RTR defines messages with one of the following severity levels:
success, informational, warning, error and fatal. When displayed in
a terminal session or log file entry, the severity of a message is
indicated in the preamble string as a letter, e.g. "%RTR-S-FACCREATED
. . ." indicates the successful creation of a facility. Previous
versions of RTR grouped together messages of severity warning, error
and fatal, and displayed the severity level of these messages as fatal.
This had the unintended effect of displaying some messages at a higher
severity level than intended. This defect has been eliminated so that
messages are now rendered consistently with their descriptions in the
System Manager's Manual and elsewhere.
o ASCII representation of key bounds
Key range low and high bounds are now displayed properly
as a comma-separated list of numbers and C-style strings.
o Facility name allows some eight bit characters but not all
Non-English character sets are not supported for identifiers.
The supported character set for RTR identifiers such as facility
names is ASCII, with lowercase and uppercase letters equivalent.
Eight bit characters are not supported because the name might not
interoperate with RTR processes using a different locale or running
another RTR version.
o Node /isolate and link /suspect implementation faulty
The 'set node' qualifier /isolate and 'set link' qualifer /suspect have
been superseded by /autoisolate.
Any RTR node may disconnect a remote node if it finds that node
to be unresponsive or congested. The normal behavior following
such action is automatic network link reconnection and recovery.
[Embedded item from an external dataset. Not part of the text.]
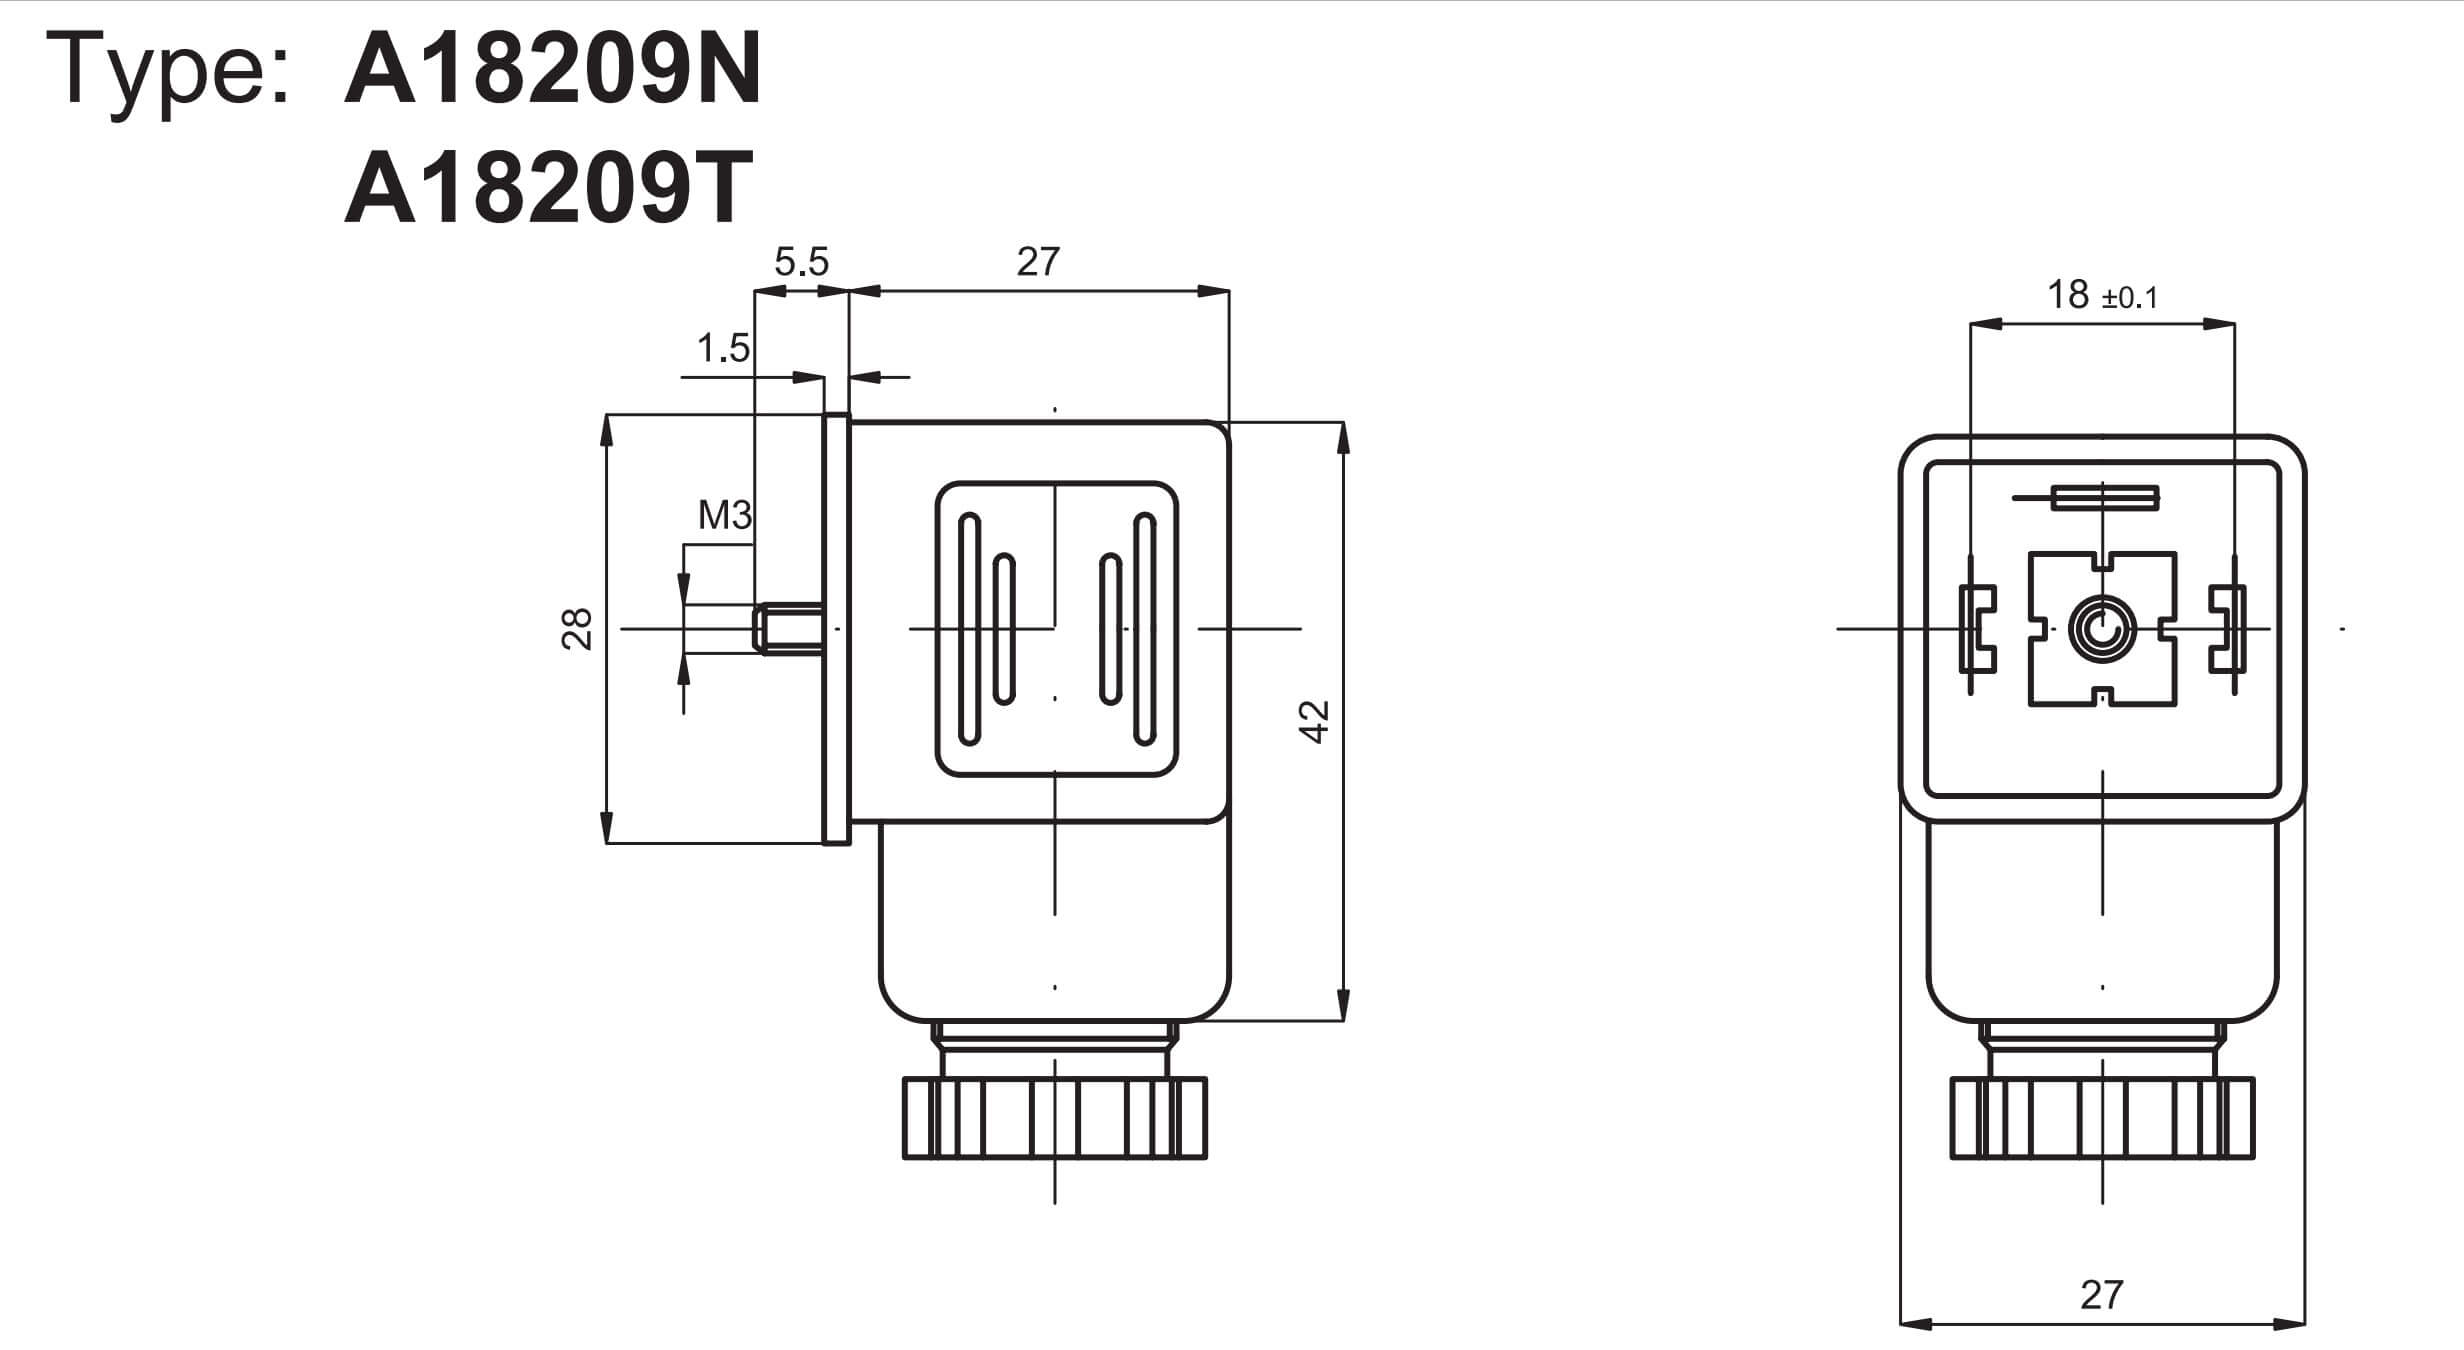 Technický výkres konektoru A18209N k cívkám ASA2 pro velikosti ISO1 a ISO2

Node autoisolation is a feature that allows a node where the
feature is enabled to disconnect a congested remote node in such
a way that when the congested node attempts to reconnect it receives
an instruction to close all its network links and cease connection
attempts. Whilst in this state, the node is termed isolated.
Remote node autoisolation may be enabled at the node level where
it applies to all links, or for specific links only with the
'set link/autoisolate' command.
An isolated node will remain in that state until the system manager
performs the following actions:
- enables the link to the isolated node at all nodes that
have isolated it set link /enable
- exit the isolated state at the isolated node
set node/noisolate
o MONITOR STALLS field widths adjusted
The numbers should now be legible even when many bytes have been sent.
o Incorrect open channel count in MONITOR CHANNEL
The opened channel count now counts every opened channel exactly once.
o Distributed quorum loop
Previous versions of RTR could generate unnecessarily large amounts
of network traffic whilst establishing quorum. In cases where a
recipient node was slow in processing incoming network messages
this could result in the loss of the sending RTRACP process
(rdm__malloc: not enough memory)
This has been corrected.
o MODIFY JOURNAL command now allowed while ACP is running
The earlier restriction that a MODIFY JOURNAL command could not
be issued after RTR was started has now been lifted. It is however
now required that RTR be started for a MODIFY JOURNAL command to
be accepted.
o Bug in load balance feature
In earlier versions of RTR it was occasionally possible for a router
to become permanently incapable of accepting new incoming frontend
connections if router load-balancing had been enabled by specifying
the /BALANCE qualifier, and a frontend happened to connect to the
router during a quorum state transition.
This has now been corrected.
o Rtr applications hang on trying to continue after ACP restarted
If the application tried to open a channel again after seeing the
status RTR_STS_ACPNOTVIA it could hang on the subsequent
rtr_receive_message call. This problem has been corrected for
threaded Unix platforms. It is no longer necessary to restart any
Rtr application for Unix after restarting Rtr.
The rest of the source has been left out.